I can't seem to search multiple libraries in WDSC 7.0. Anyone know if that was new with RDi?
Indeed, the results of the search is beautiful. The source and exact line of code is a double-click away.
The compare source tool is great as well. Although I wish I could type in the source I wanted instead of having to browse for it. (Browsing for source in WDSC/RDi is painfully slow.)
One thing WDSC (and RDi, if I recall correctly from my trial period) is that when you browse you can't see source description. I can't imagine using RDi alone to find source as a new employee at an institution that has programs with numeric names (e.g. MXA00105).
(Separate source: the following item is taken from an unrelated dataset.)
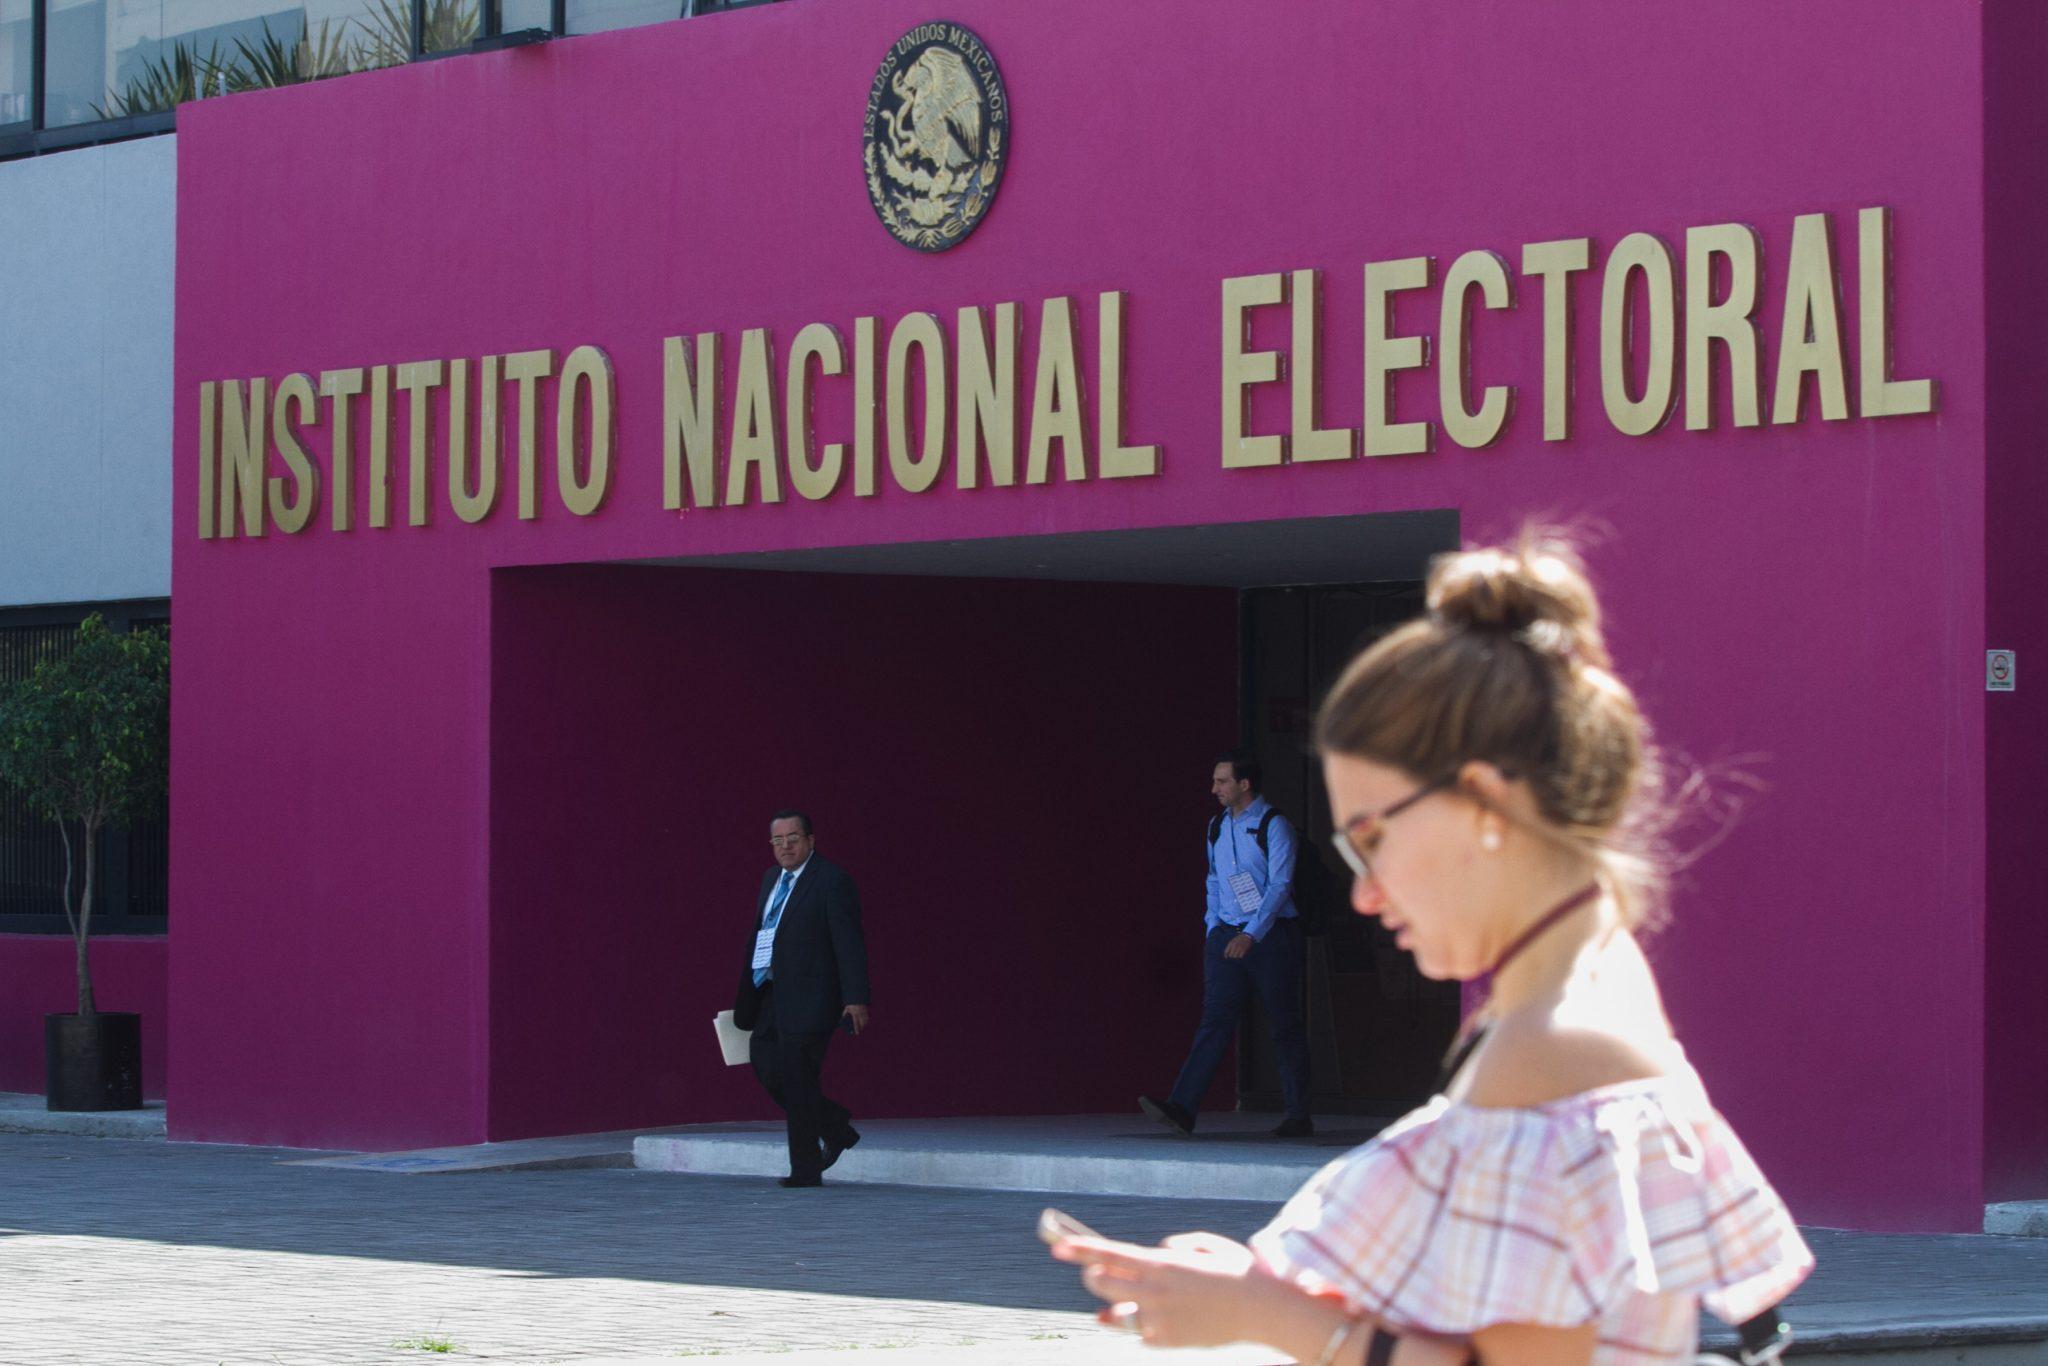 Ya votamos, ¿qué sigue en el proceso electoral para los próximos meses? Estas son las fechas clave

I've tried to maneuver myself to use WDSCi as my PDM tool as much as I can, preparing for the day we go to 6.1 and I foolishly offer my ADTS seat away, although in my eyes it's more of a sacrifice to get the editor I want vs. an improved PDM environment.
-Kurt
-----Original Message-----
From: wdsci-l-bounces@xxxxxxxxxxxx [mailto:wdsci-l-bounces@xxxxxxxxxxxx] On Behalf Of Joe Pluta
Sent: Friday, August 28, 2009 3:54 PM
To: Websphere Development Studio Client for iSeries
Subject: Re: [WDSCI-L] justifying RDi when WDSCi 'still works'
Porterfield, Sean wrote:
From: Joe Pluta
Search featuer alone pays for the price of the tool. But that's just me.
What's the search feature you mentioned twice in this thread that's so great? Find within a source member or something else?
Search in RDi is fantastic. You can search a member, a file, or a
library, you can search multiple files across multiple libraries, you
can use wildcards, you can even create your own filters which select
arbitrary members and then scan against that. Think of it as PDM option
on ultra-steroids.
More important to me, though is the fact that it shows you ALL the
matches in a nice, succinct tree view, showing the entire matching line
so that you can easily see which matches makes sense. And then, you
simple double-click on a line and the source is opened and positioned to
that line.
For me, it saves me anywhere between five minutes and a half an hour a
day, sometimes more.
(Note: If I'm editing RPG, I'm going to use WDSCi not SEU. As for ADTS vs RDi licenses, PDM is still extremely useful for many things, and our security officer regularly uses SEU to display/print programs for auditors. She would not be happy to be forced into using a bloated PC package when SEU loads in less than a second.)
I hear this complaint over and over. I don't see it because I always
have it open. I open RDi when I reboot my PC and leave it up, sometimes
for weeks at a time. That being said, I don't consider it a tool for
system operators (or auditors). It's a programmer's tool.